▸ **PROBLEM TO SOLVE**
What you write should be an exact repeat of the lines from the one with "5 of the Best" through the final line below, minus the pictures.

▸ **INFORMATION PROVIDED**
____________

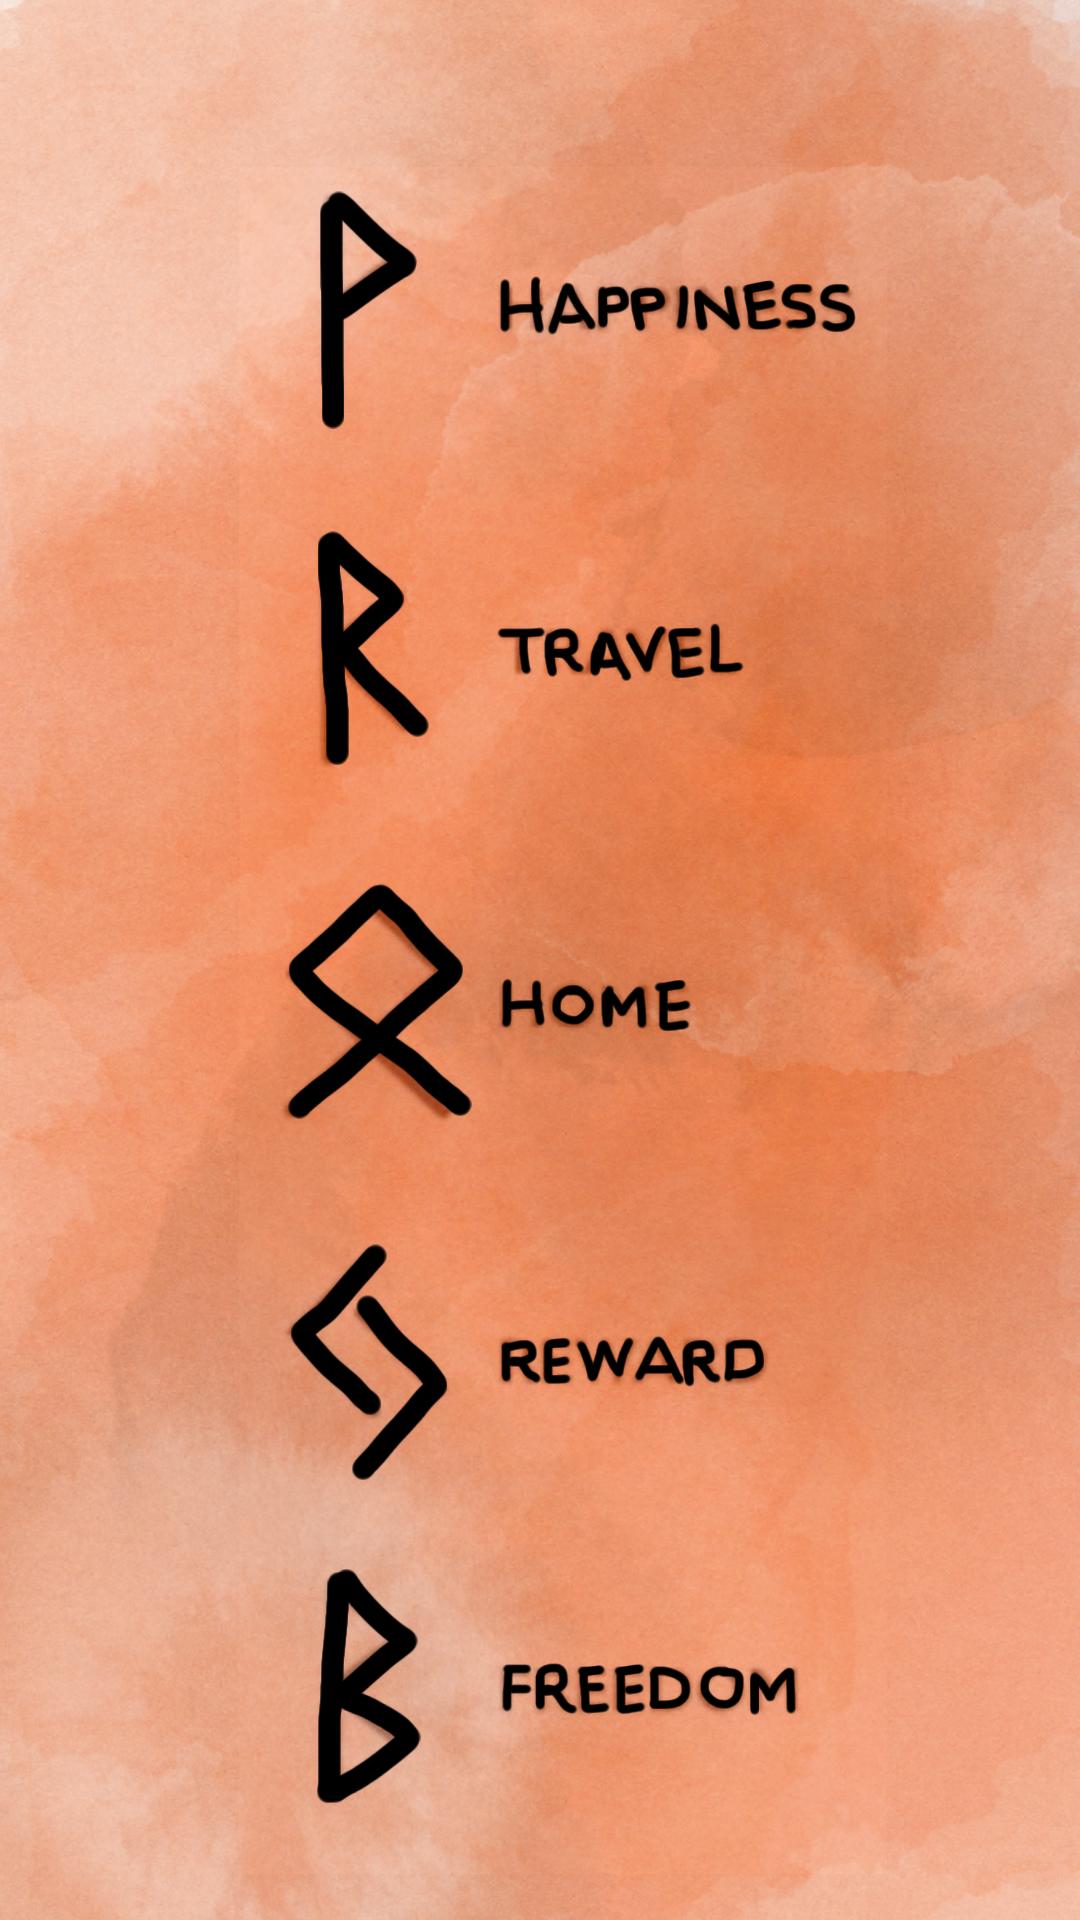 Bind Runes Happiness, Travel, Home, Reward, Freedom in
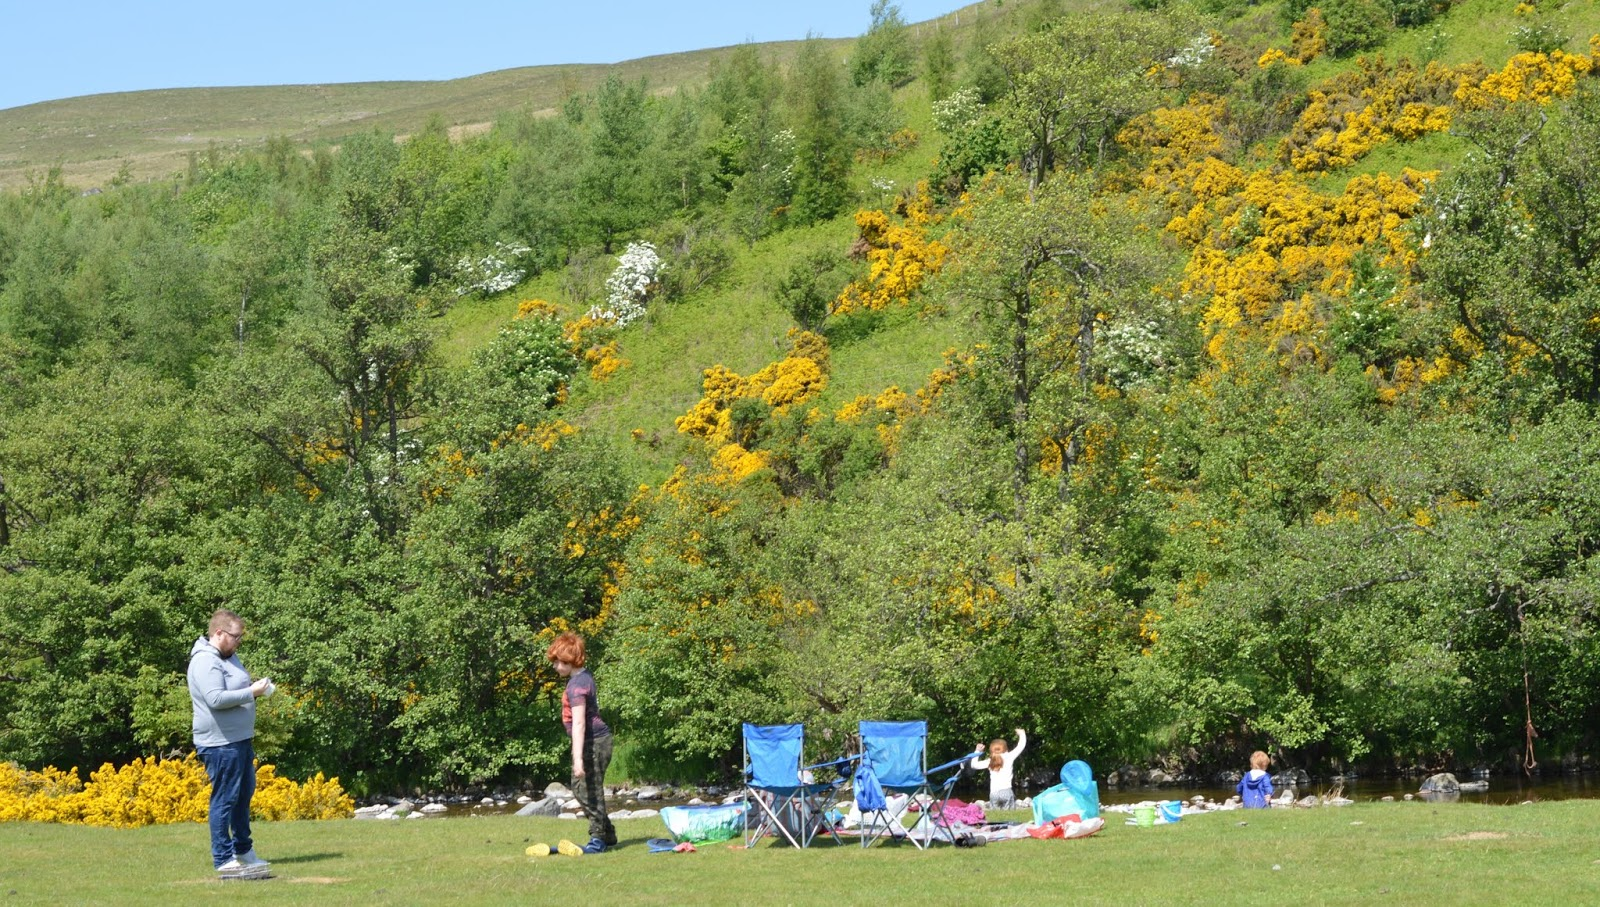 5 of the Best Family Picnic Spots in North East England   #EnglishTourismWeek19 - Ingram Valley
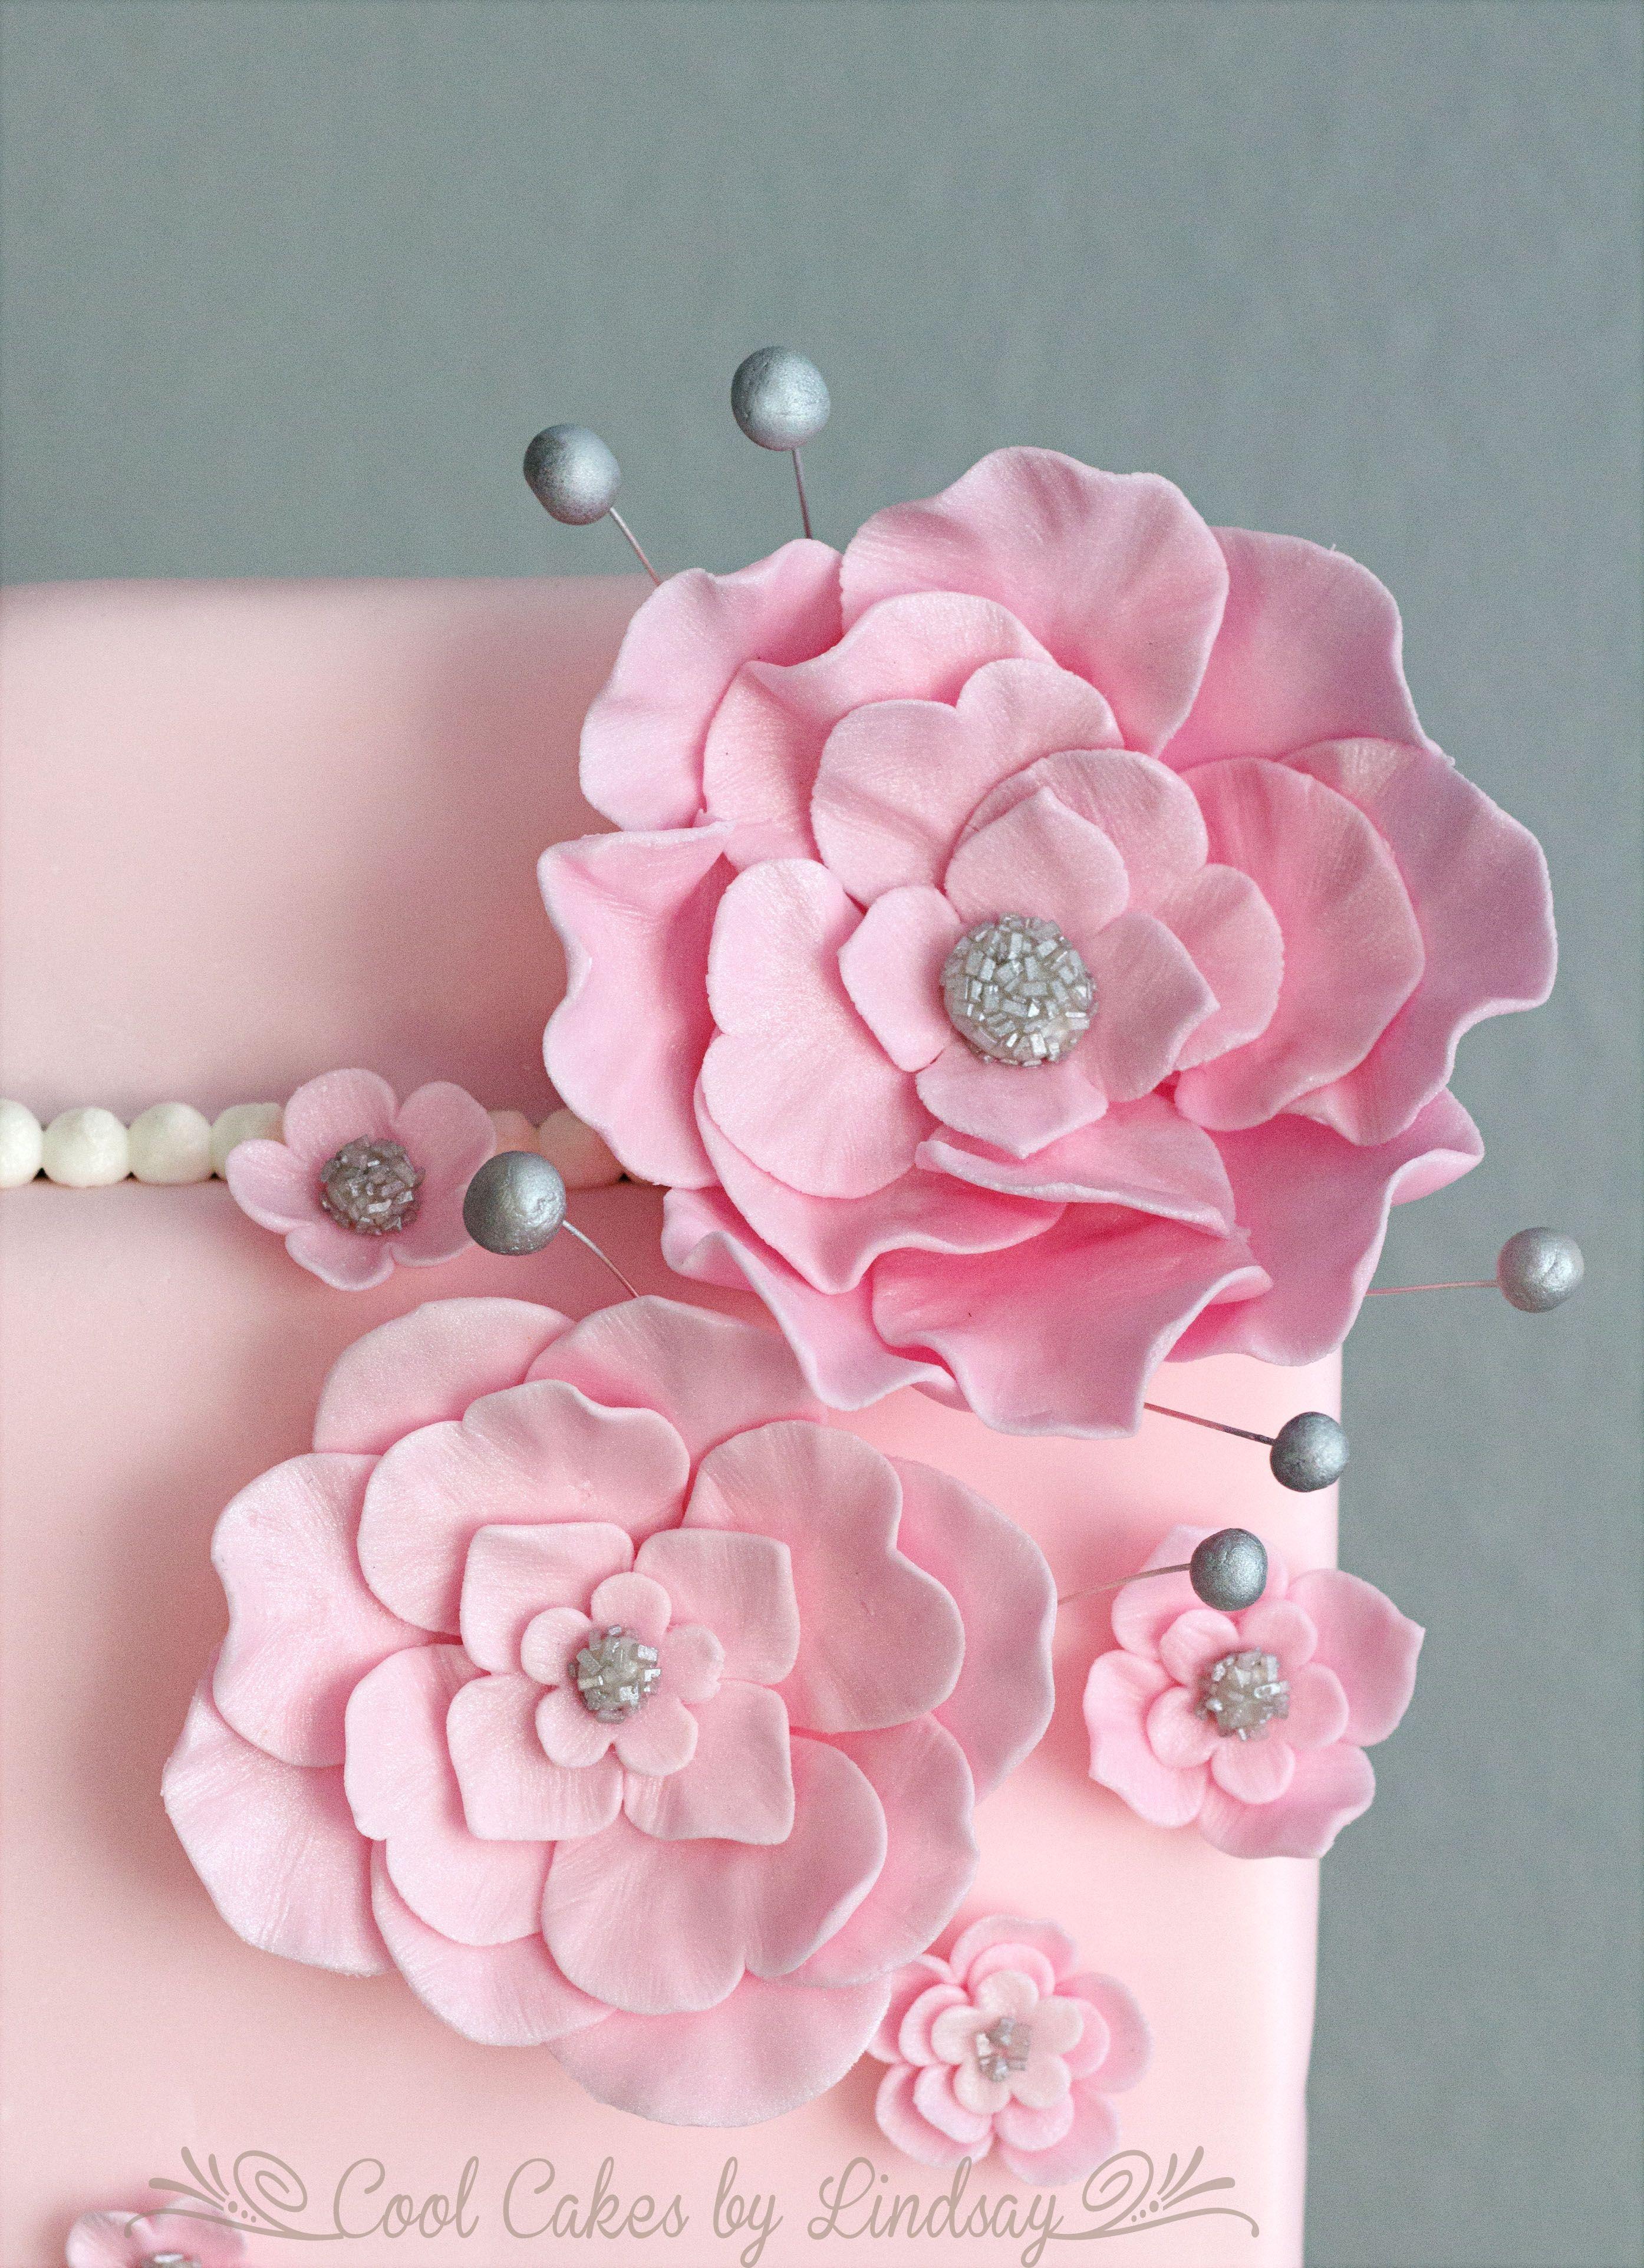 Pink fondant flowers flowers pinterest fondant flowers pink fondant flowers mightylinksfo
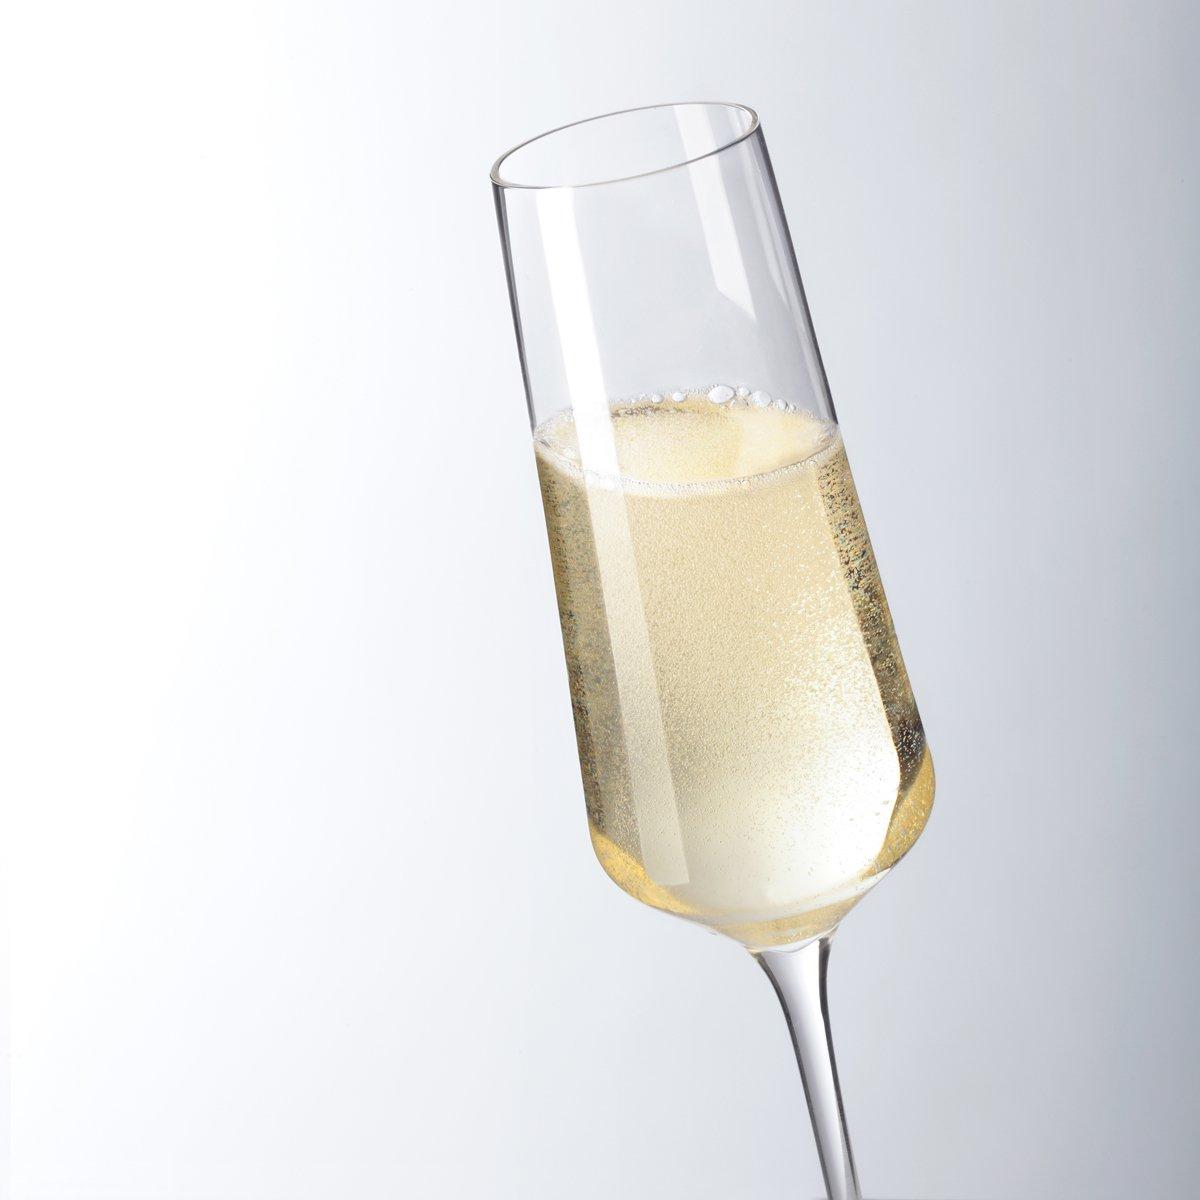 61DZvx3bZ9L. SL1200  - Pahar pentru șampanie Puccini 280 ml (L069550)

____________

▸ **WRITTEN ANSWER**
 5 of the Best Family Picnic Spots in North East England   #EnglishTourismWeek19 - Ingram Valley
 Pink fondant flowers flowers pinterest fondant flowers pink fondant flowers mightylinksfo
 61DZvx3bZ9L. SL1200  - Pahar pentru șampanie Puccini 280 ml (L069550)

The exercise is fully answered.